● EXTRACTED DATA:
----

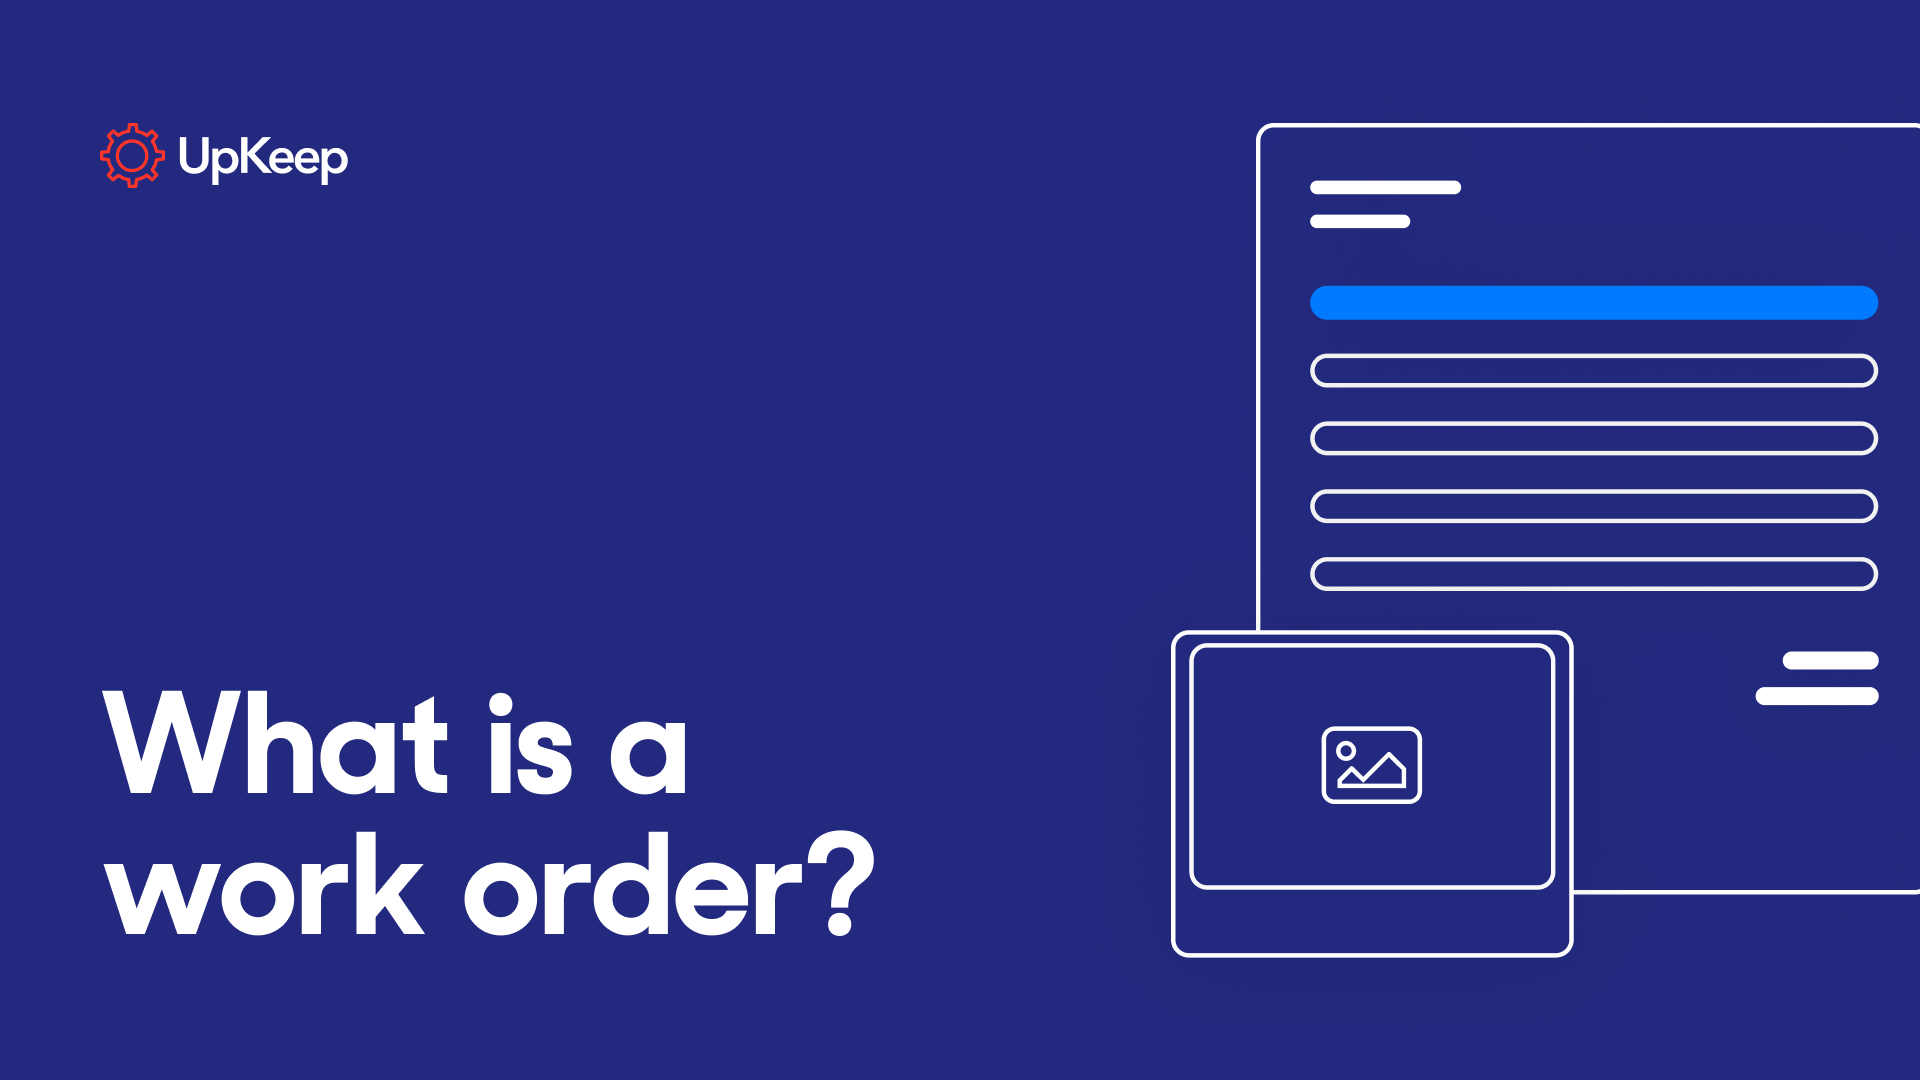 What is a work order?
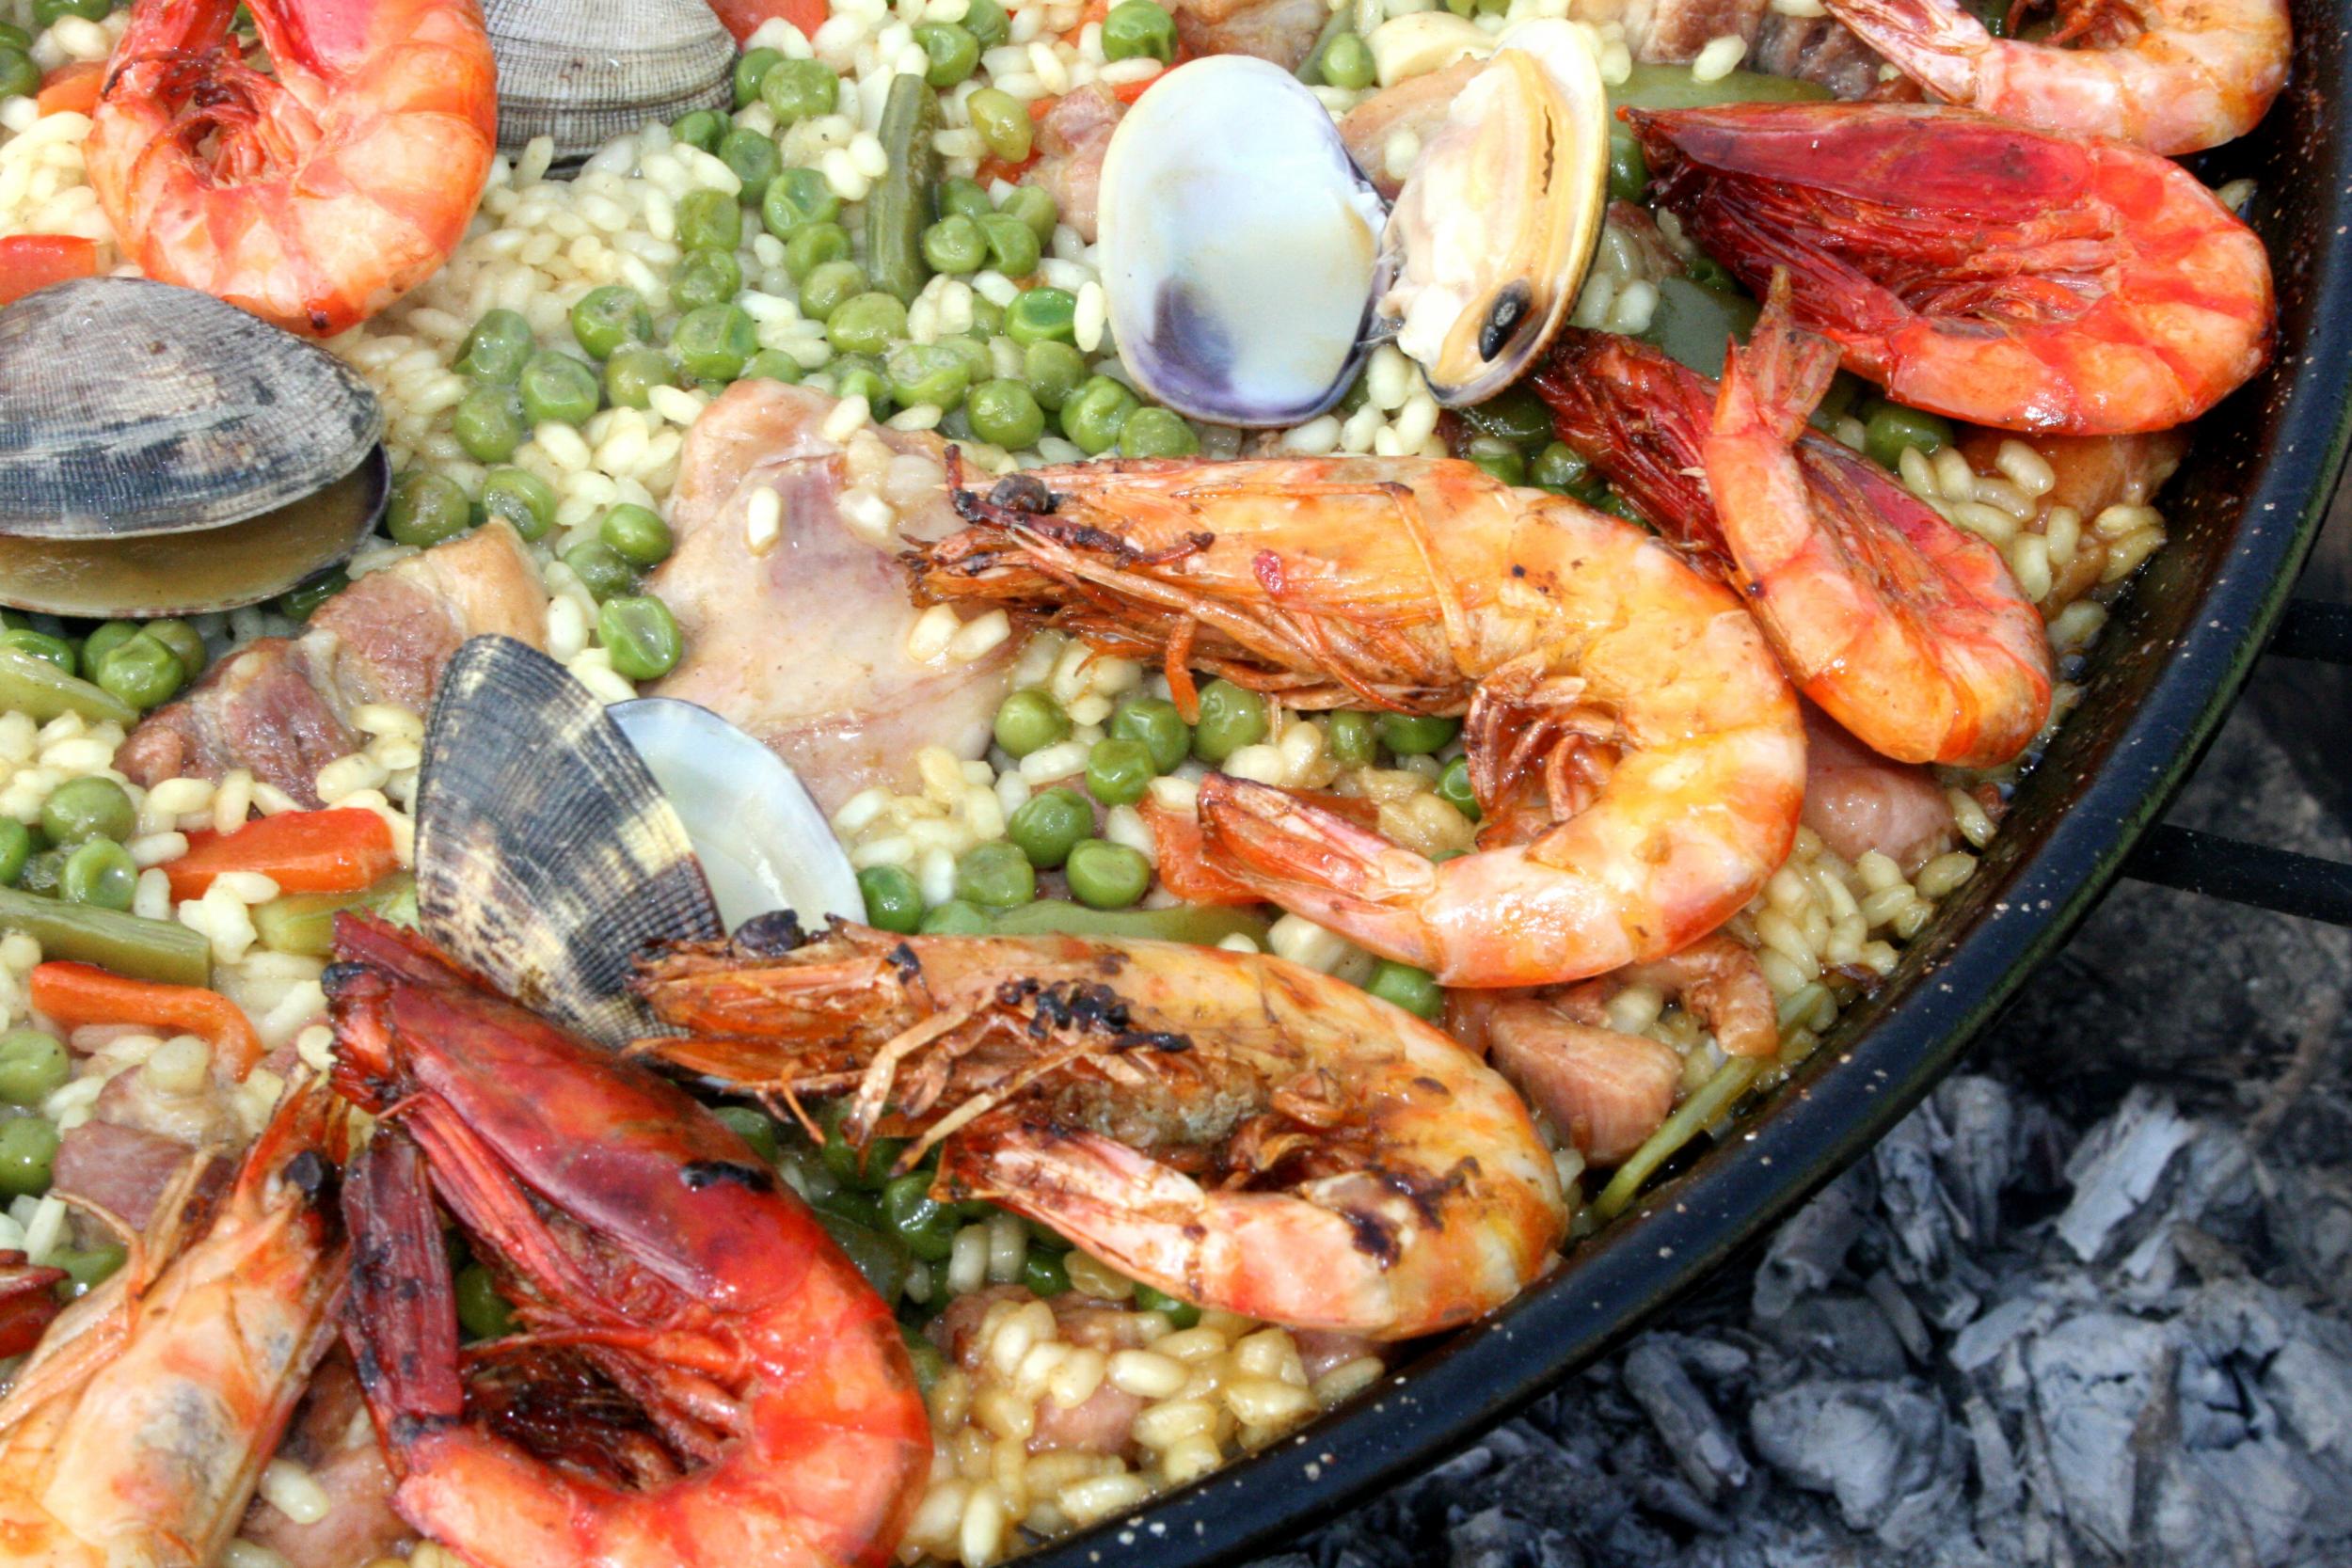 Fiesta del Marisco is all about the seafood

----

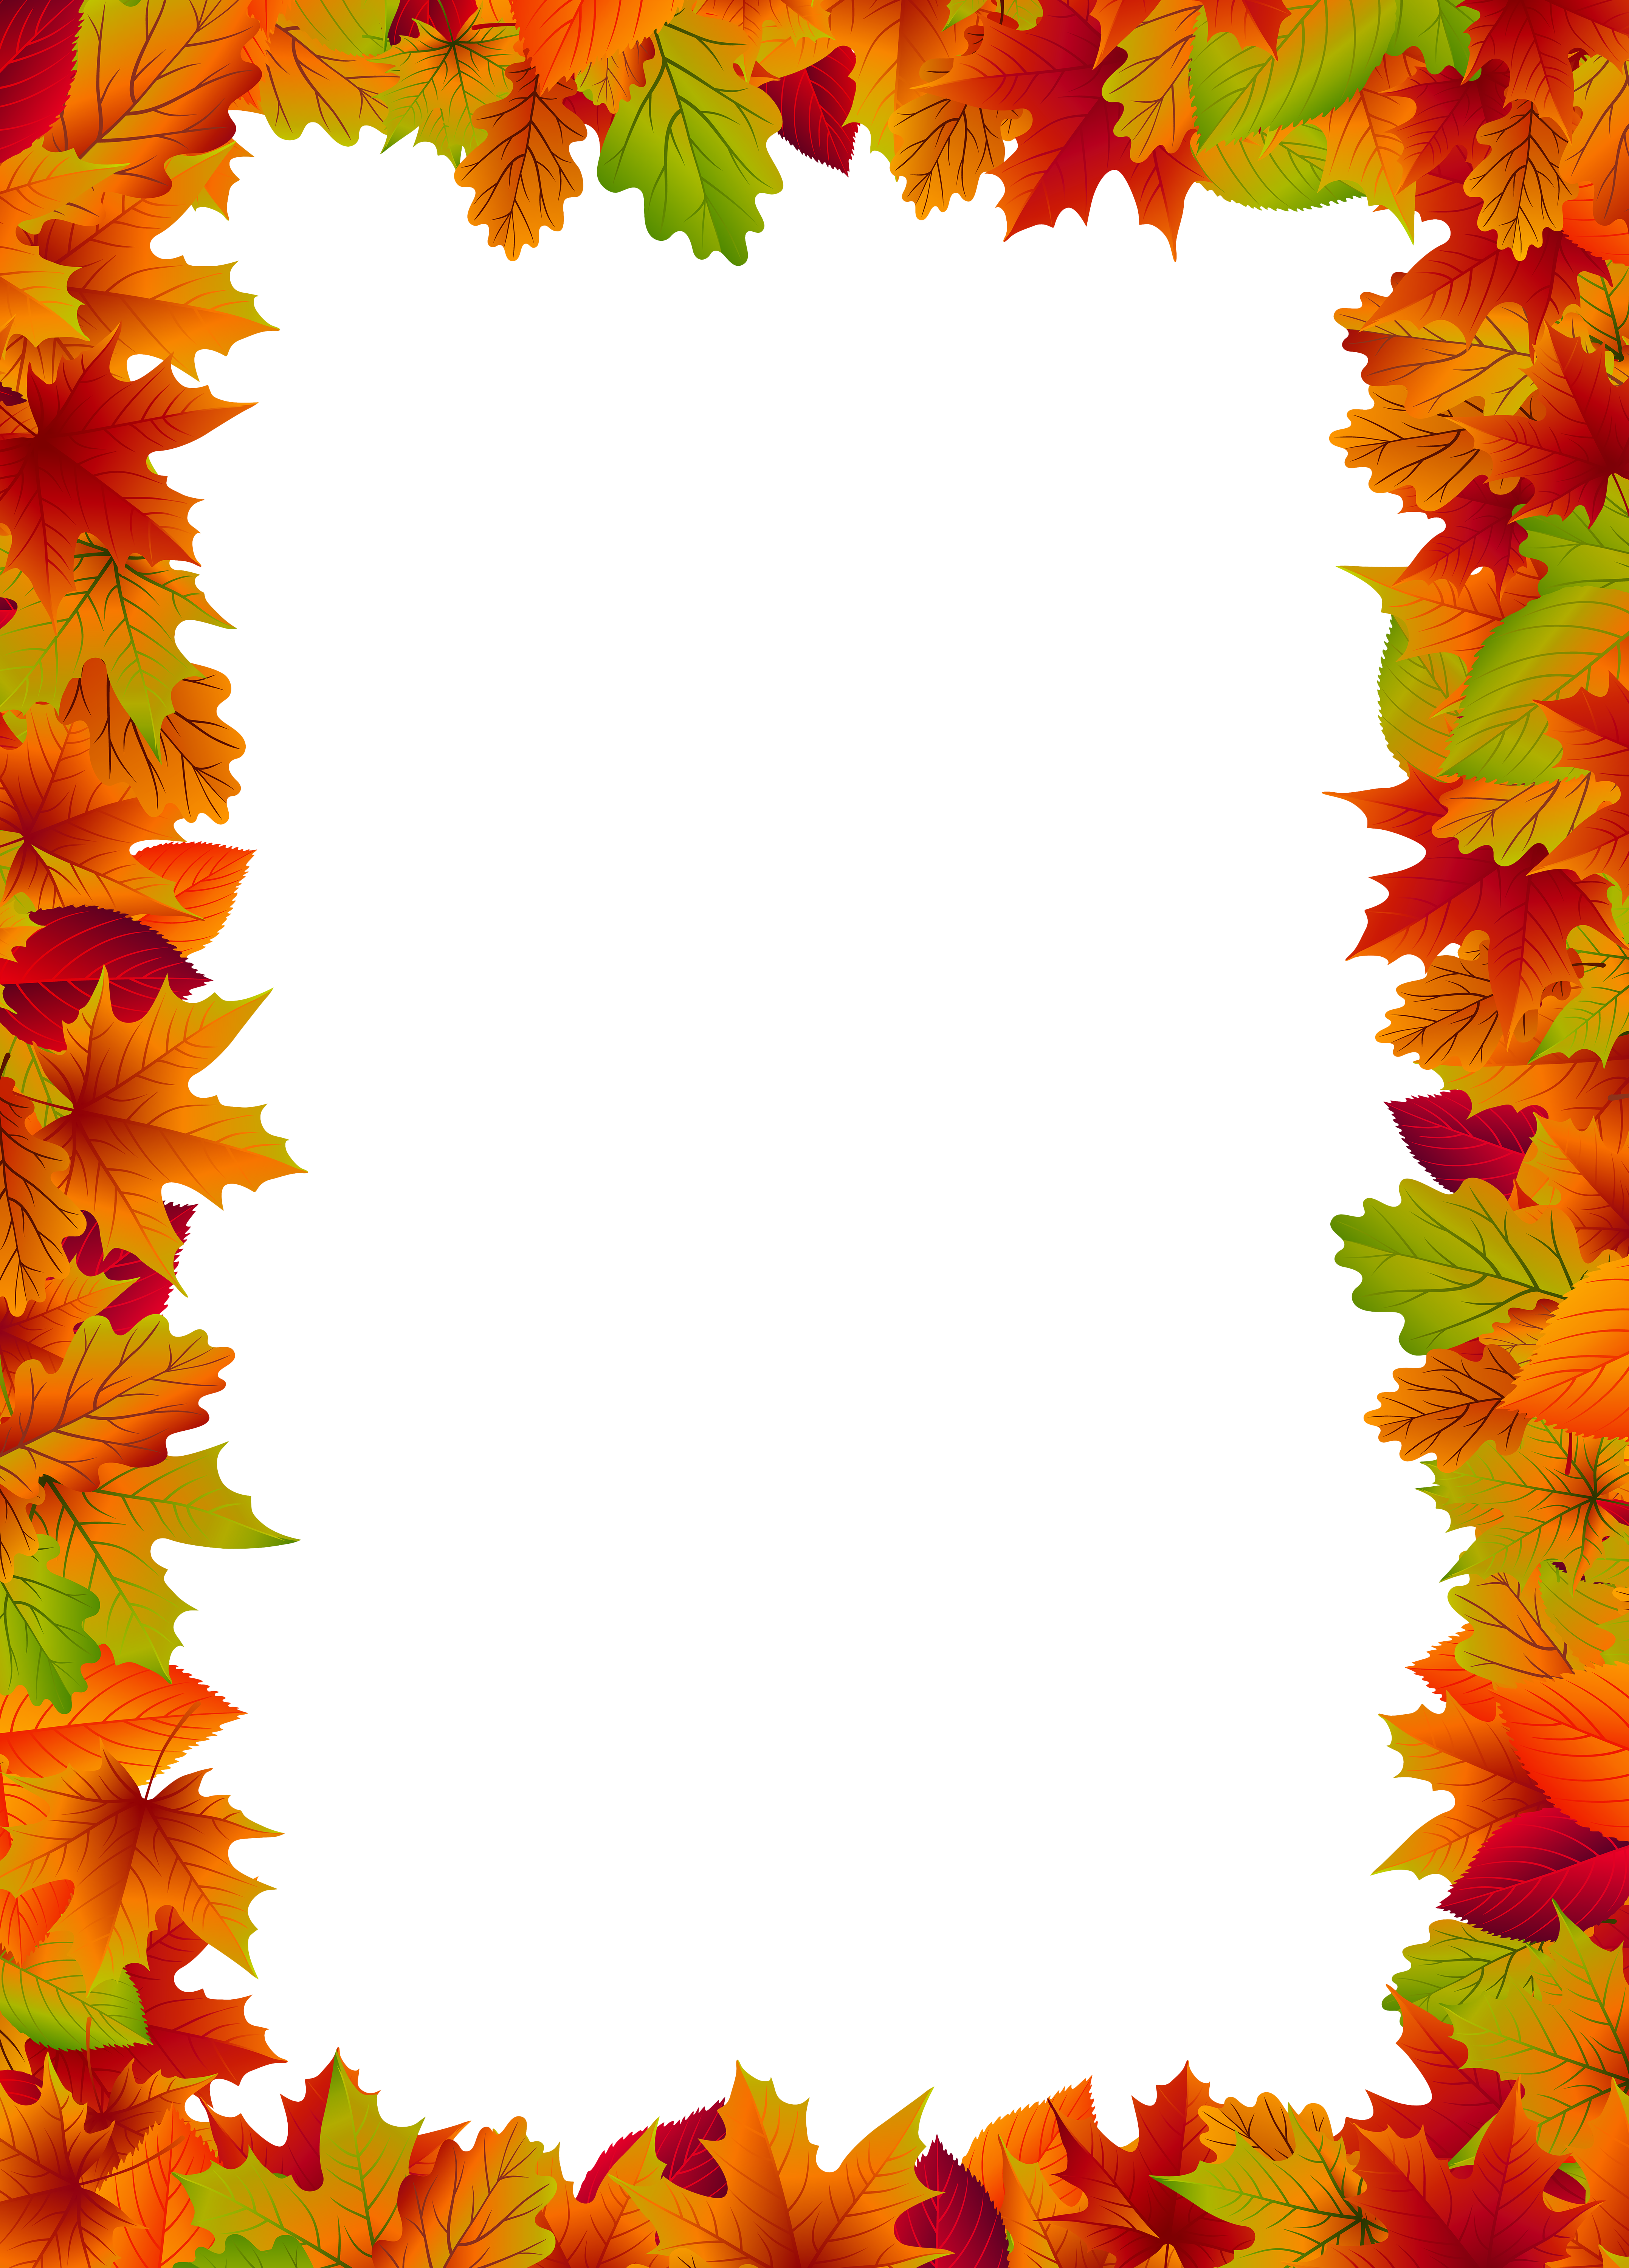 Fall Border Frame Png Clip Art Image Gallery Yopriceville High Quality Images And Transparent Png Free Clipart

----

● TRY IT: An exact copy of the lines above from the one with "What is a work order?" up to and including the one with "Fiesta del Marisco is all about the seafood" is required; reproduce only those lines, omitting all pictures.

● RESPONSE TO THIS TASK:
 What is a work order?
 Fiesta del Marisco is all about the seafood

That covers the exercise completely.